Plans to mine beneath the town itself – which would have made life intolerable for Mr Beutel – have been thwarted, at least for now, by the advent of a new state government which vetoed further expansion. But already Acland is a ghost town. The company has bulldozed about 55 houses, smashing and removing even their concrete foundations, and – particularly distressing to Mr Beutel – uprooted 40 bottle trees.
Only a few decaying, abandoned buildings still stand. Roads are no longer maintained, and the grass verges are overgrown. The council has removed the Tidy Town sign. "This was the butcher's," says Beutel, pointing to a untidy plot of land. "That was the schoolhouse. And that was the bakery which was my father was running when he met my mother."
Coal from the Acland mine is trucked about eight miles and dumped on a towering stockpile just outside the small town of Jondaryan, to be transported to Brisbane by train. Jondaryan residents complain that the prevailing winds blow coal dust into their homes, coating their walls, floors and furniture.
"You have to keep the windows closed all year, even in the middle of summer," says Glennis Hammond, 64, who moved to Jondaryan three years ago. "I was perfectly healthy when I first came, but now I'm puffing and panting the whole time. No one here spends any time outside. That's fine if you can afford air-conditioning, but for me the house gets so hot."
The miners' advance across the Darling Downs has created unlikely alliances, with farmers standing shoulder to shoulder with environmentalists. Community-based protest groups have sprung up and blockaded projects. Drew Hutton, president of one group, the Lock The Gate Alliance, warns that Acland is "just the first … little towns all over Queensland could disappear".
One concern, in a country where just six per cent of the land is arable, is food security. Mr Hutton believes state governments – which have the power to approve or block new mines – are failing to manage the boom responsibly. "They have simply opened the doors and said 'go to it, boys', and these largely foreign mining companies have done just that."
Critics also accuse Australia, one of the world's largest per capita carbon emitters, of exporting dirty fuel. The country's second biggest customer (after Japan) is China, whose appetite for coal – to feed its breakneck industrialisation – is expected only to grow. Demand from India is soaring, too.
In Acland, Mr Beutel spends his days tending the public gardens planted by his parents and photographing the abundant wildlife, which includes frogs, butterflies and birds. His own garden is a riot of native plants and trees. Watching the town die around him has been "very stressful, very difficult", he says, but he does not regret staying on. And what remains is still important.

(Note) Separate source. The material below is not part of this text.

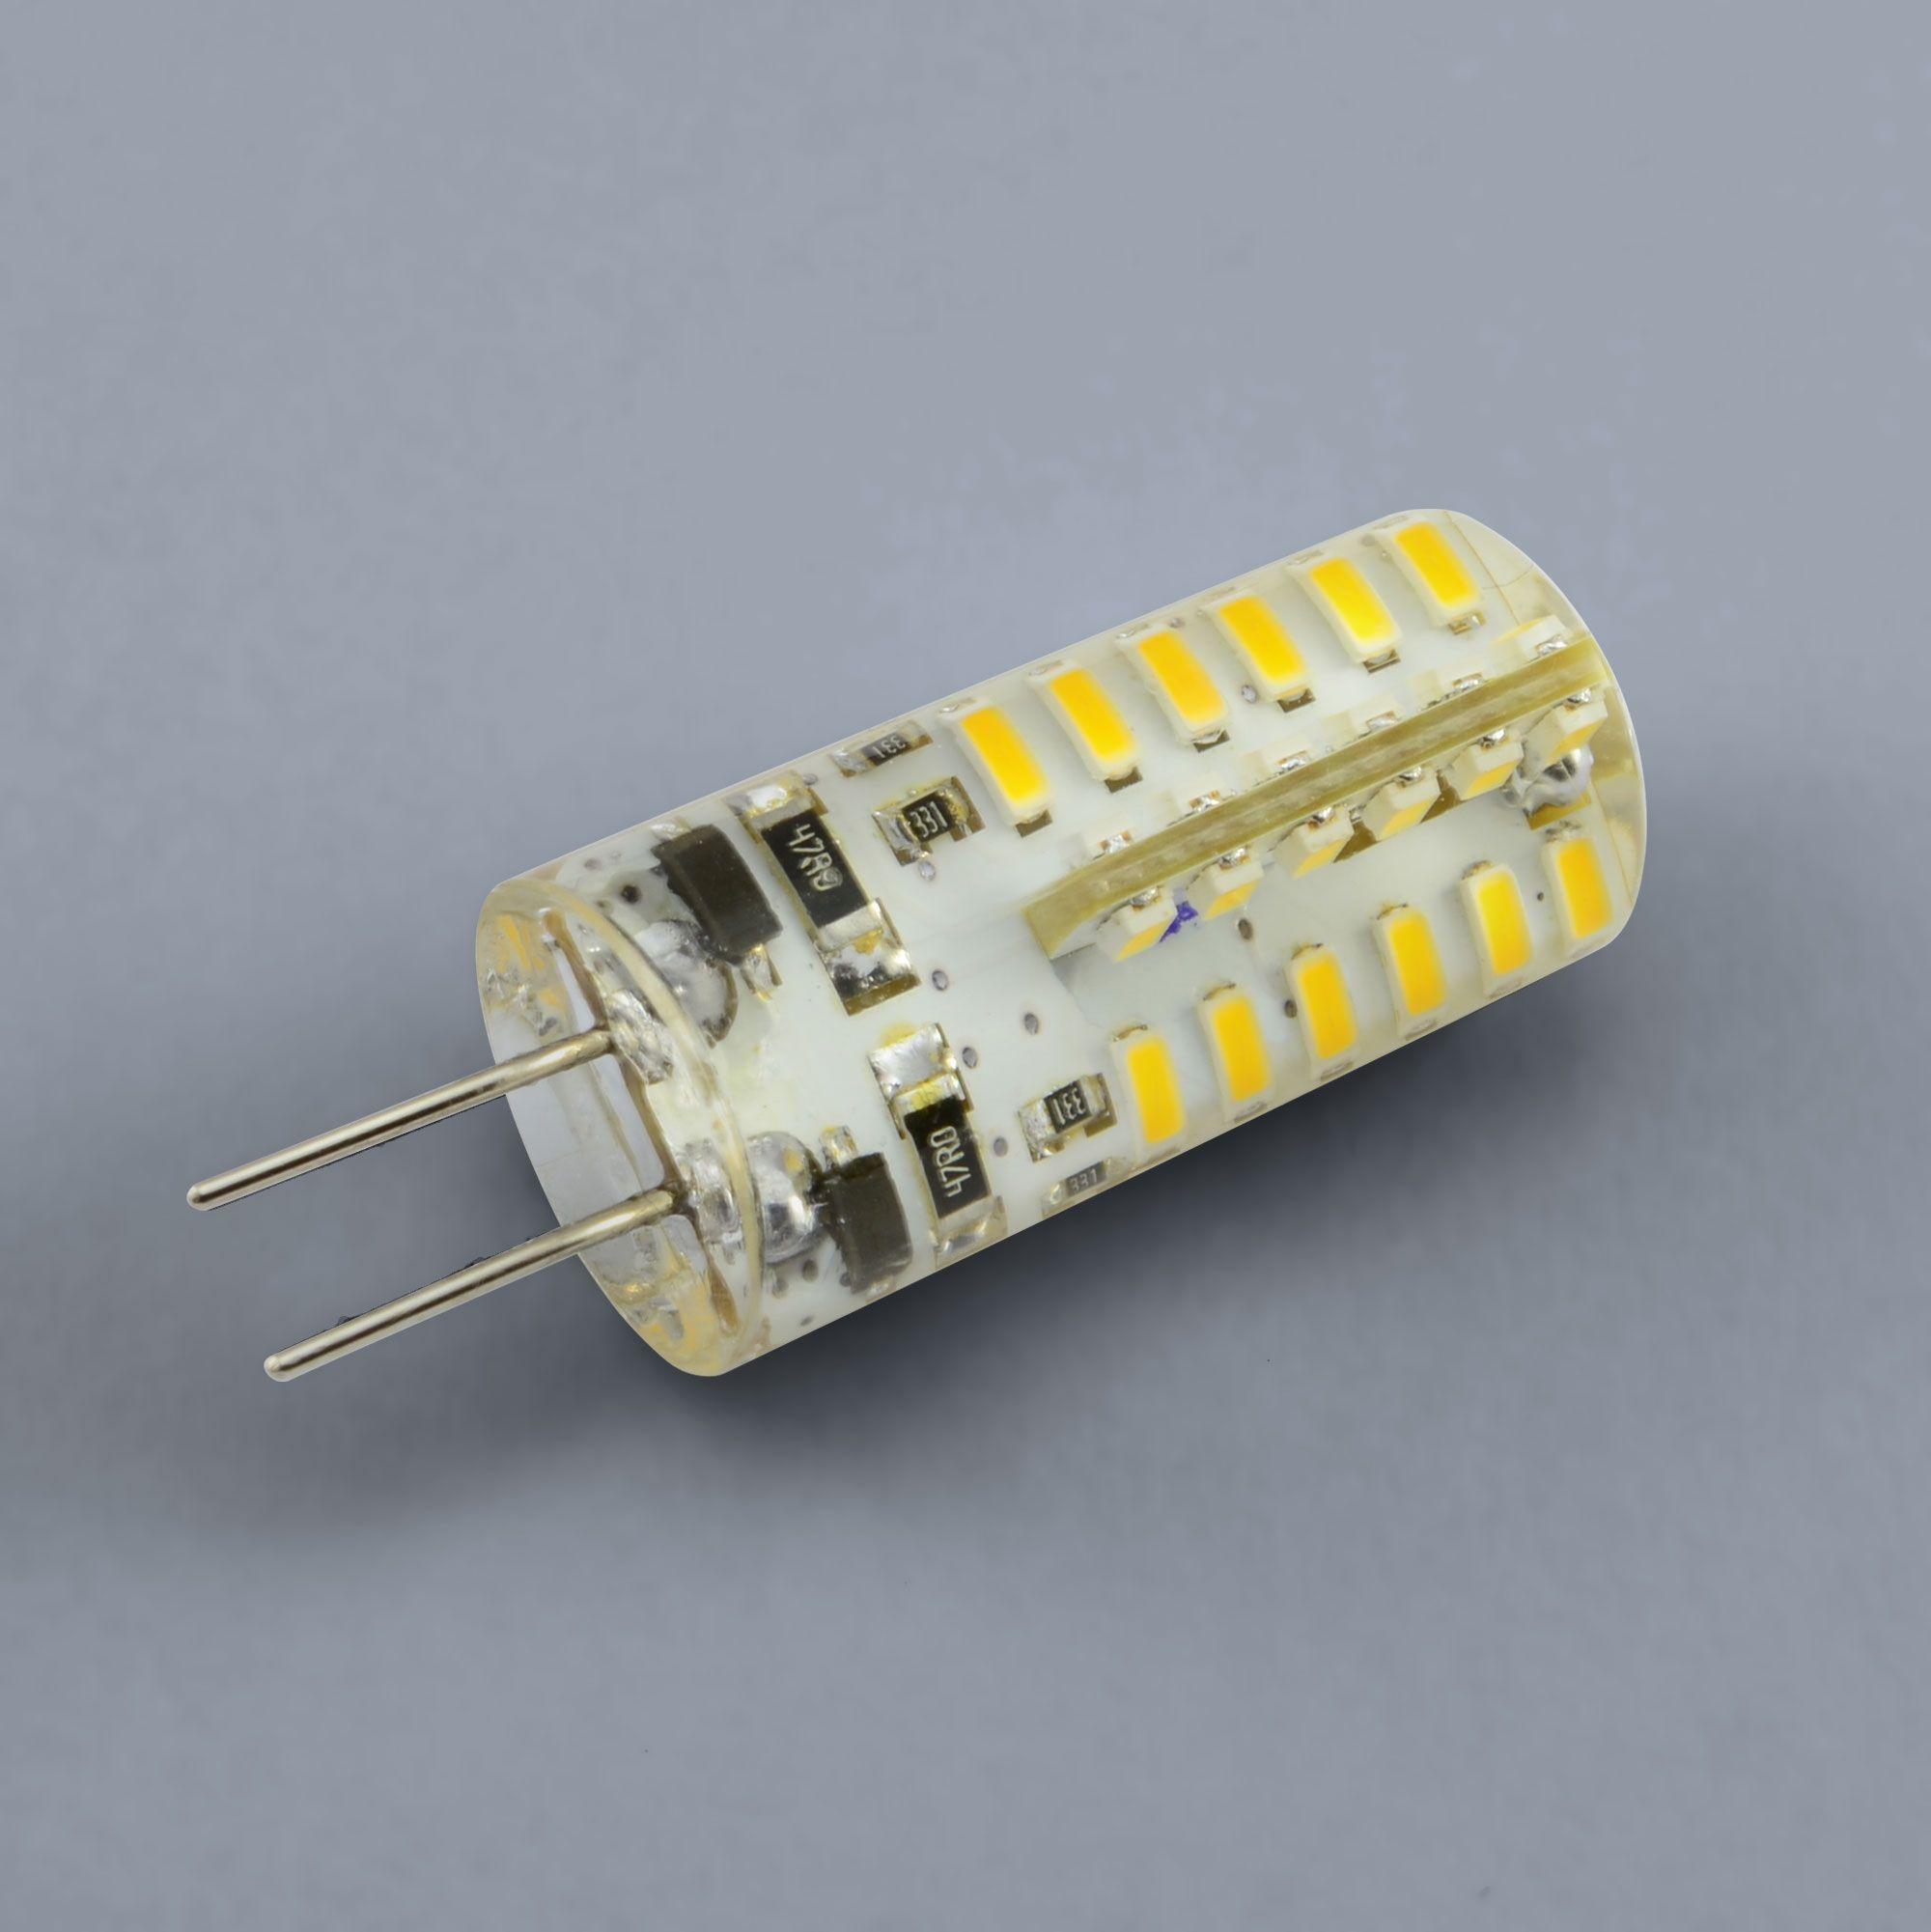 251dedf8d3d7ef6db89d32d21f5f4b21 Luxus Led Lampe 3 Watt Dekorationen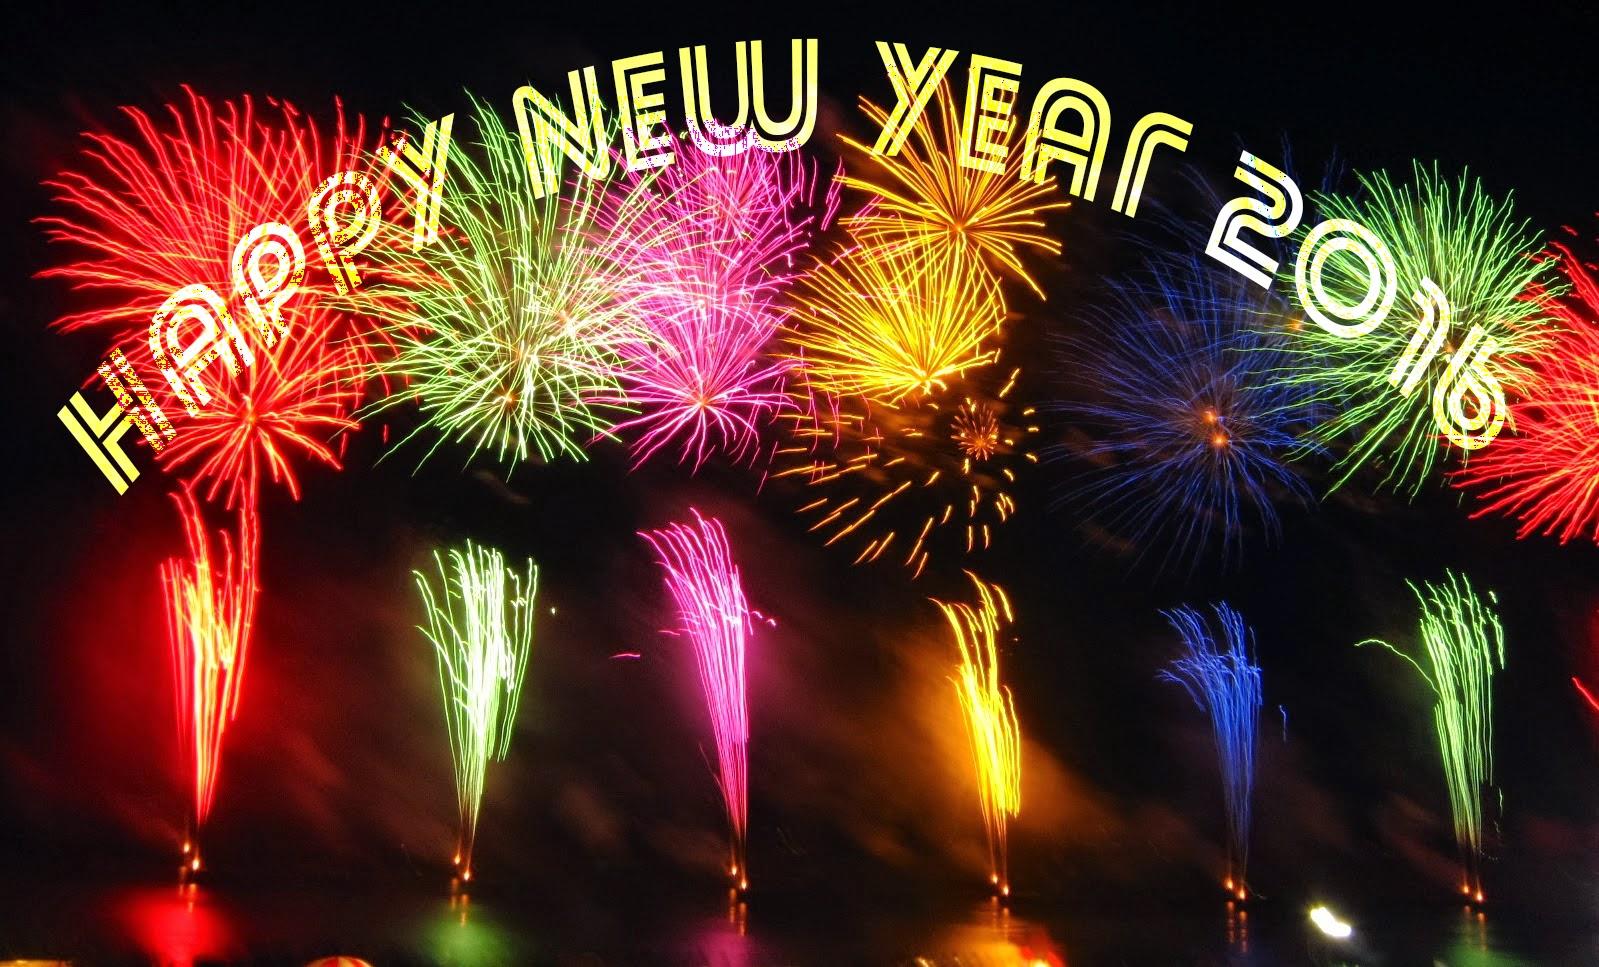 Happy New Year 2016 HD Wallpaper 17182 Wallpaper computer best 1599x967

"A fellow who used to live here and came back to visit said how much he appreciated still being able to drive around the streets. A lady who had buried her dog in the park came back to exhume it when she heard the town was going to be mined. She was so pleased to find the park still being looked after."
He adds: "I think the town really serves as a monument to the horror of some of these mining companies. We hear about floods and bushfires and tsunamis, but the business world impacts in a similar way. It's no different to a Nagasaki or a Hiroshima bombed with a nuclear bomb."
New Hope Mining did not return calls from The Independent.